Exercise input: Begin
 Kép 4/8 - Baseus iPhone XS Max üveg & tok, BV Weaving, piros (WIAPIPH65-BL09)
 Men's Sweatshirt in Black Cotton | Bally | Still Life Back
Exercise input: End
Exercise input: Begin
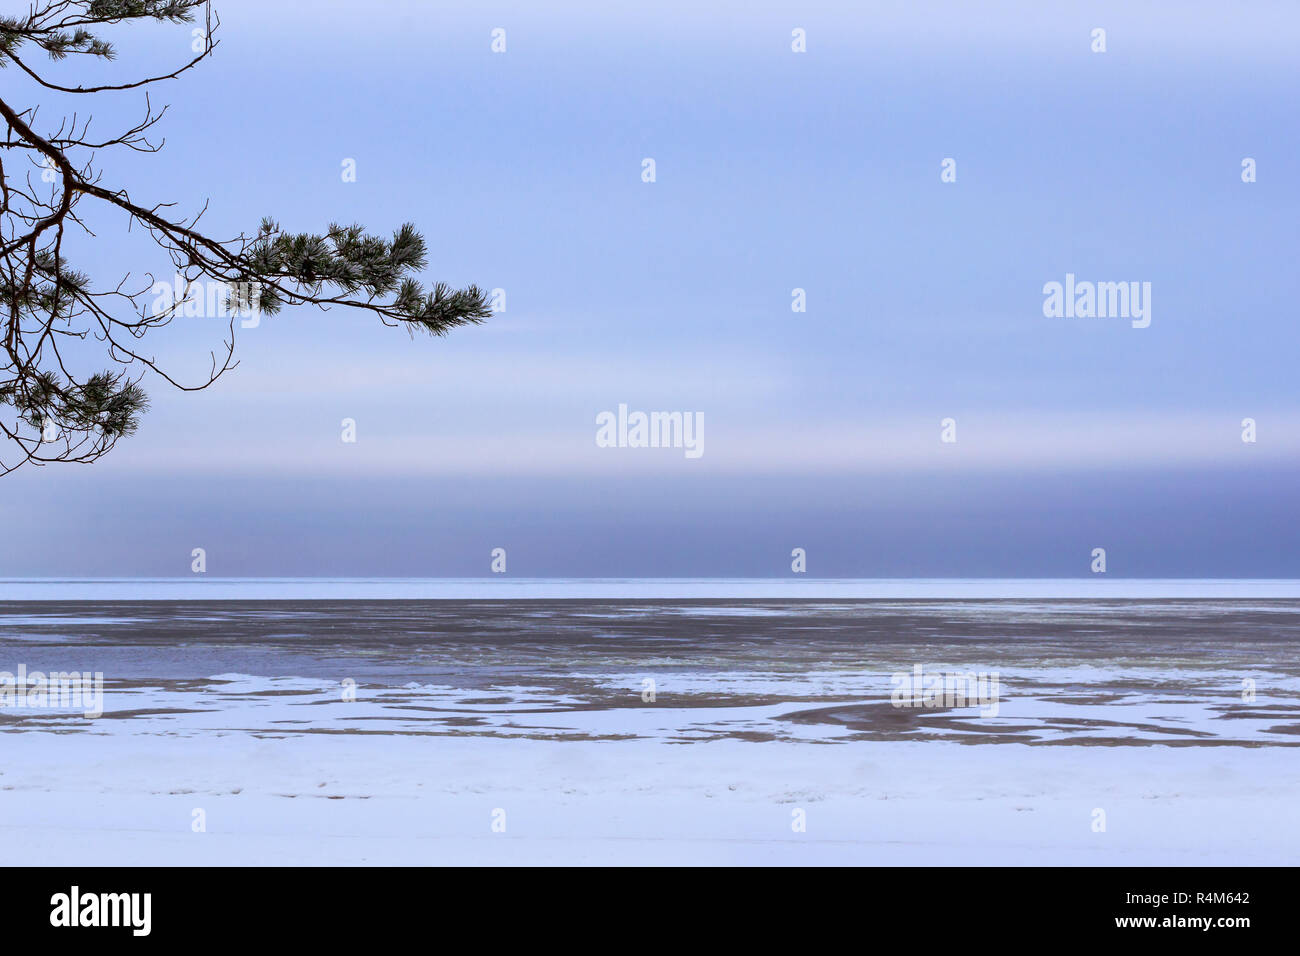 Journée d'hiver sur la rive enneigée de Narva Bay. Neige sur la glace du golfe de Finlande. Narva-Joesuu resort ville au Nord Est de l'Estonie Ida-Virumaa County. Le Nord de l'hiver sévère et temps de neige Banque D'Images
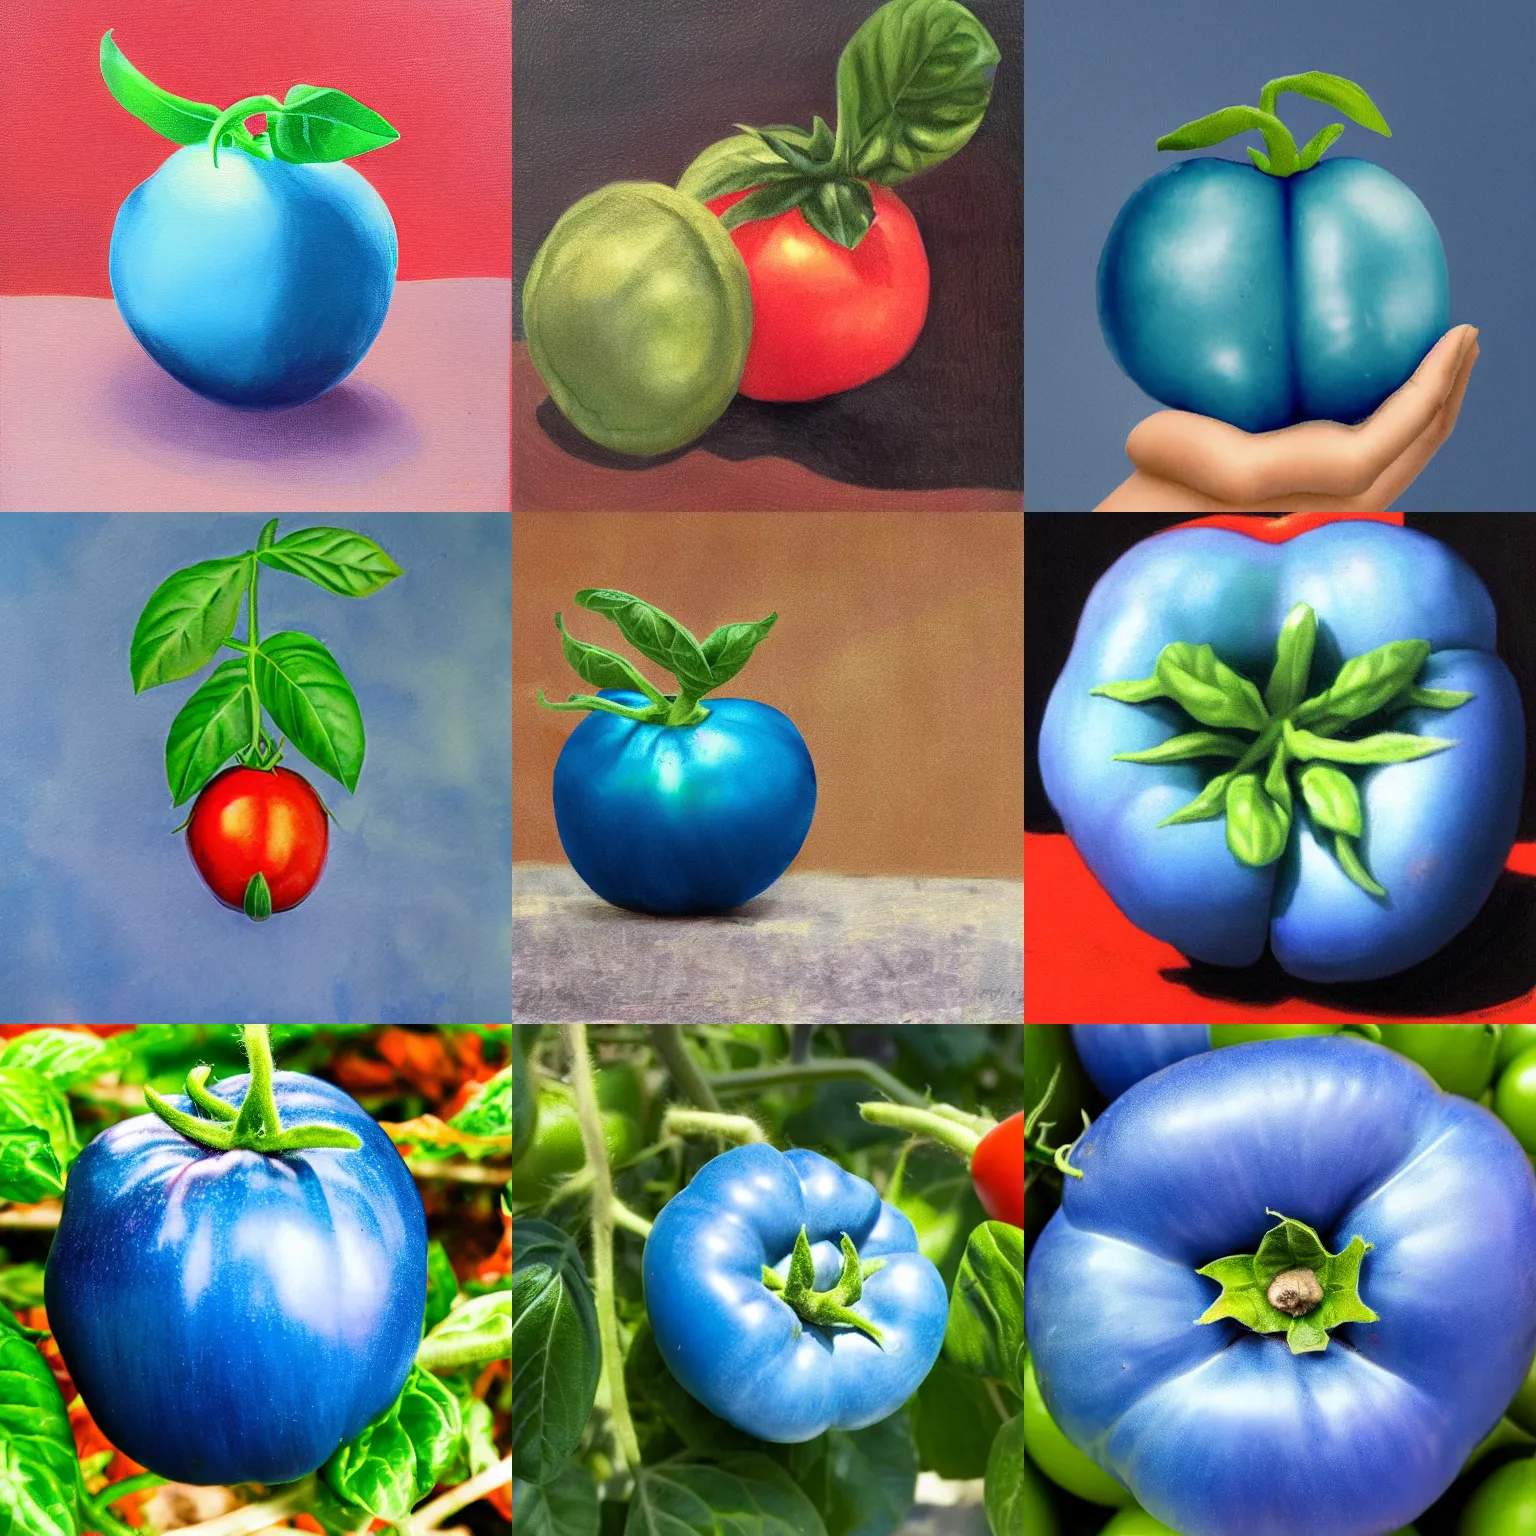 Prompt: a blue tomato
Exercise input: End
Exercise input: Begin
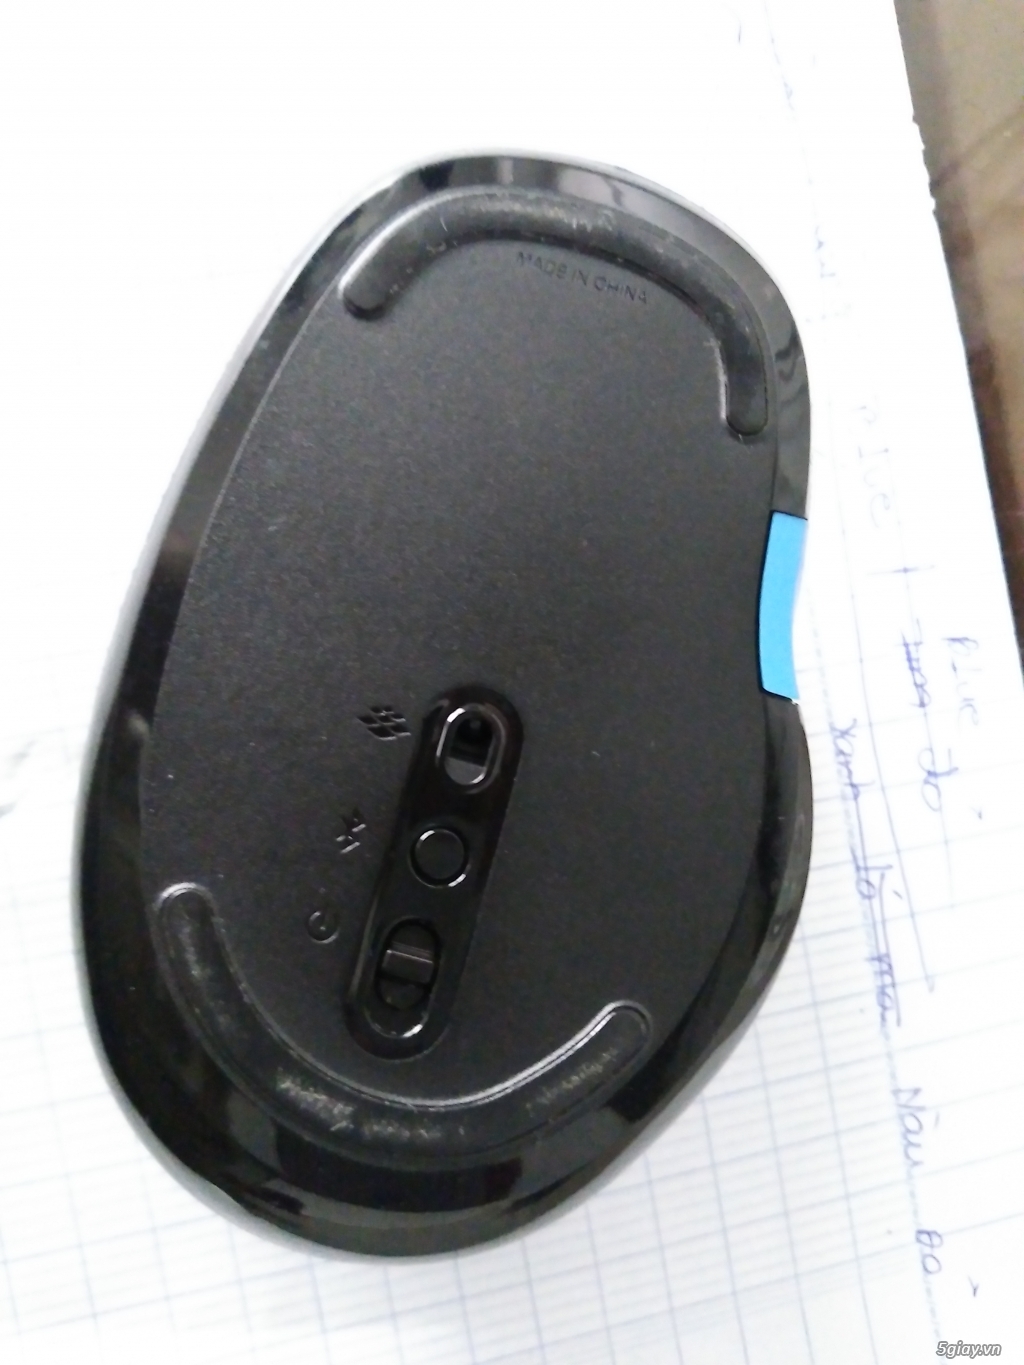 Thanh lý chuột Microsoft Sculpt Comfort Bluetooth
Exercise input: End
Task to complete →
All lines above from the one holding "Kép 4/8 - Baseus" to the one holding "Men's Sweatshirt in", inclusive, are to be copied exactly; no other line is wanted.

Answer to this task →
 Kép 4/8 - Baseus iPhone XS Max üveg & tok, BV Weaving, piros (WIAPIPH65-BL09)
 Men's Sweatshirt in Black Cotton | Bally | Still Life Back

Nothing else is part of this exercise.